The judge explained that State government should not compel landlords to endorse and promote these activities, and that compelled speech of this sort would not survive intermediate scrutiny let alone strict scrutiny.
This part of the decision represents a welcome victory for free speech in the Federal District Court. What a shame the State-level courts in Massachusetts so rarely evince a similar regard for that right.
___
*The corporation’s legal name is Urban Revival, Inc. and according to its Form 990 (2017) its mission/significant activities are “racial/ethnic harmony through affordable housing and economic development,” which is more succinct than (and different in tone from) the mission statement on its website:
“City Life/Vida Urbana is a grassroots community organization committed to fighting for racial, social and economic justice and gender equality by building working class power. We promote individual empowerment, develop community leaders and build collective power to effect systemic change and transform society.”
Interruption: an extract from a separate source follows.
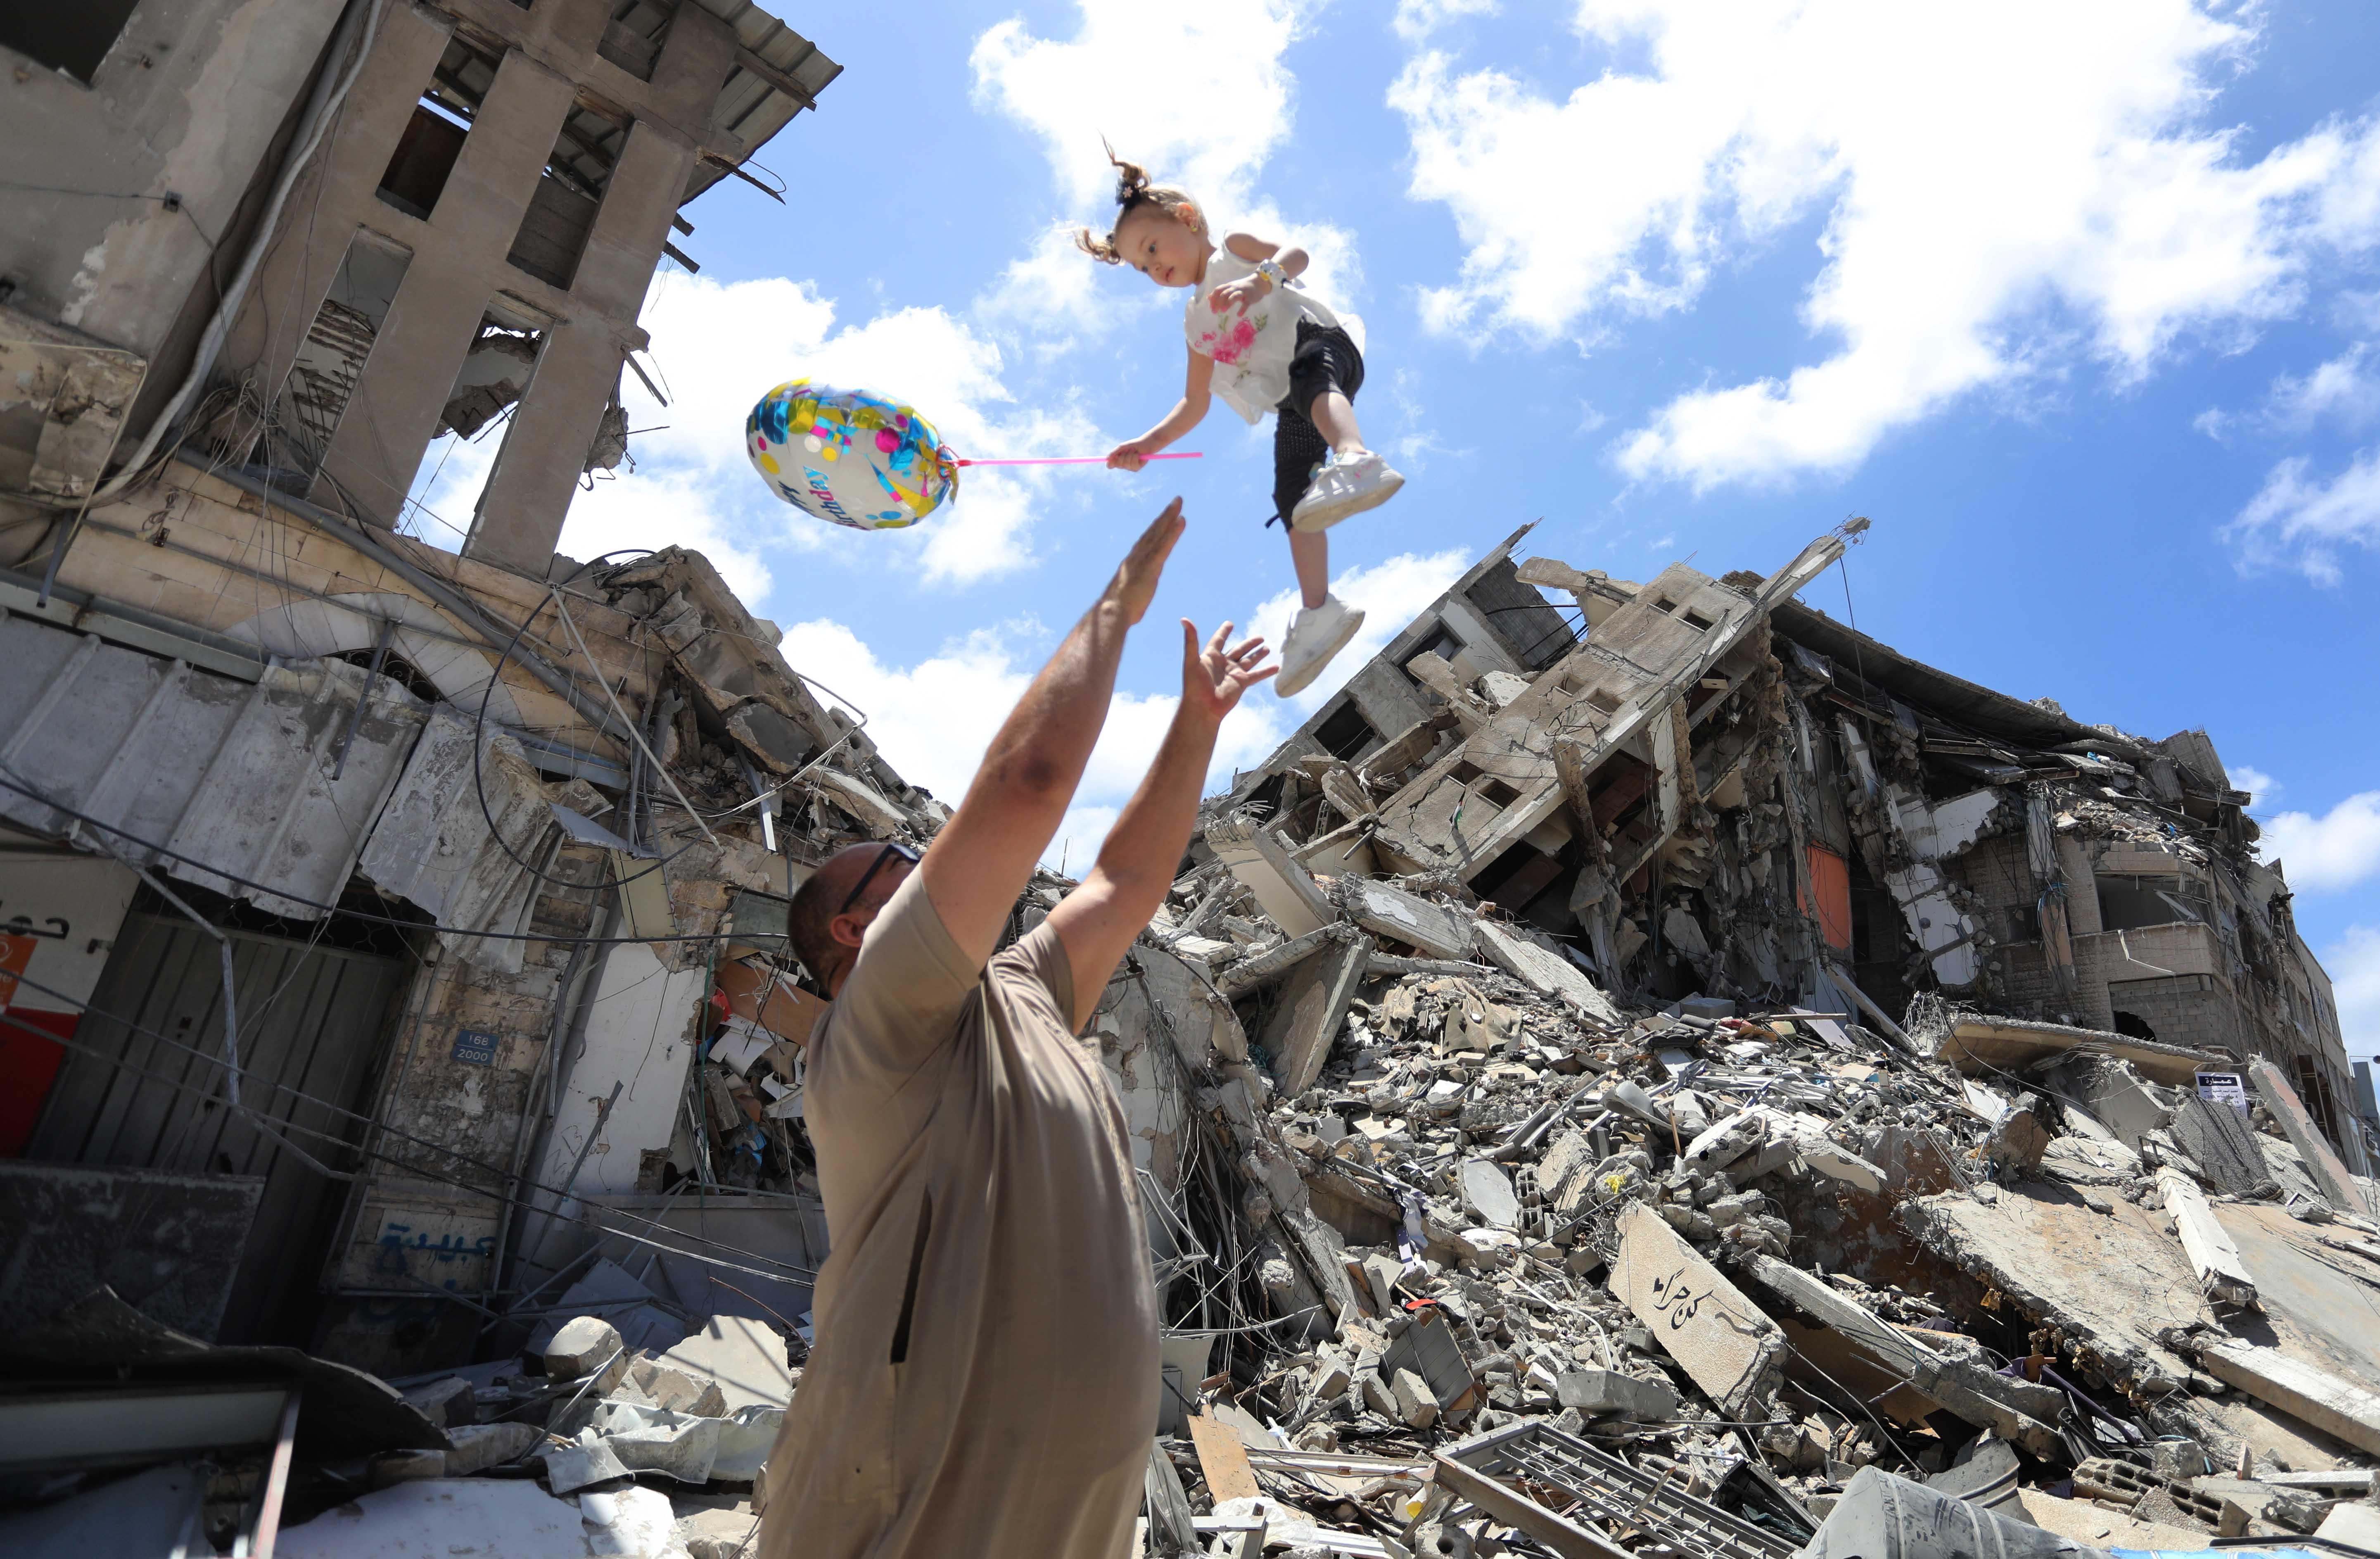 ¿Volver a la vida? Tras la brutal destrucción de las hostilidades en Gaza la población vuelve lentamente a sus hogares

P.S. A note about my choice of image, which illustrates the idea of the mailed fist in the velvet glove. When I write about compelled speech, I like to offer a reminder about who it is, exactly, that is doing the compelling. If ever you disobey a law, you risk an encounter with agents of the only organization in society that (as Max Weber pointed out) claims a monopoly on the legitimate use of violence, namely the government. If you refuse to do what the government tells you to do, or you refuse to speak the words that it demands that you utter, eventually you will come into contact with the government’s agents, people who wear uniforms, carry weapons, and have the power to alter your condition from free to un-free and from alive to dead.
February 14, 2017:-Today the highest court in Massachusetts marked St. Valentine’s Day by demonstrating its love for free speech.
The question was this: If bloggers accuse a scientific consulting company of fraud, questionable ethics, and intentionally manipulating findings, may the company sue the bloggers for defamation? The answer: No, not in Massachusetts, at least not if the company is providing expert testimony in high-profile litigation.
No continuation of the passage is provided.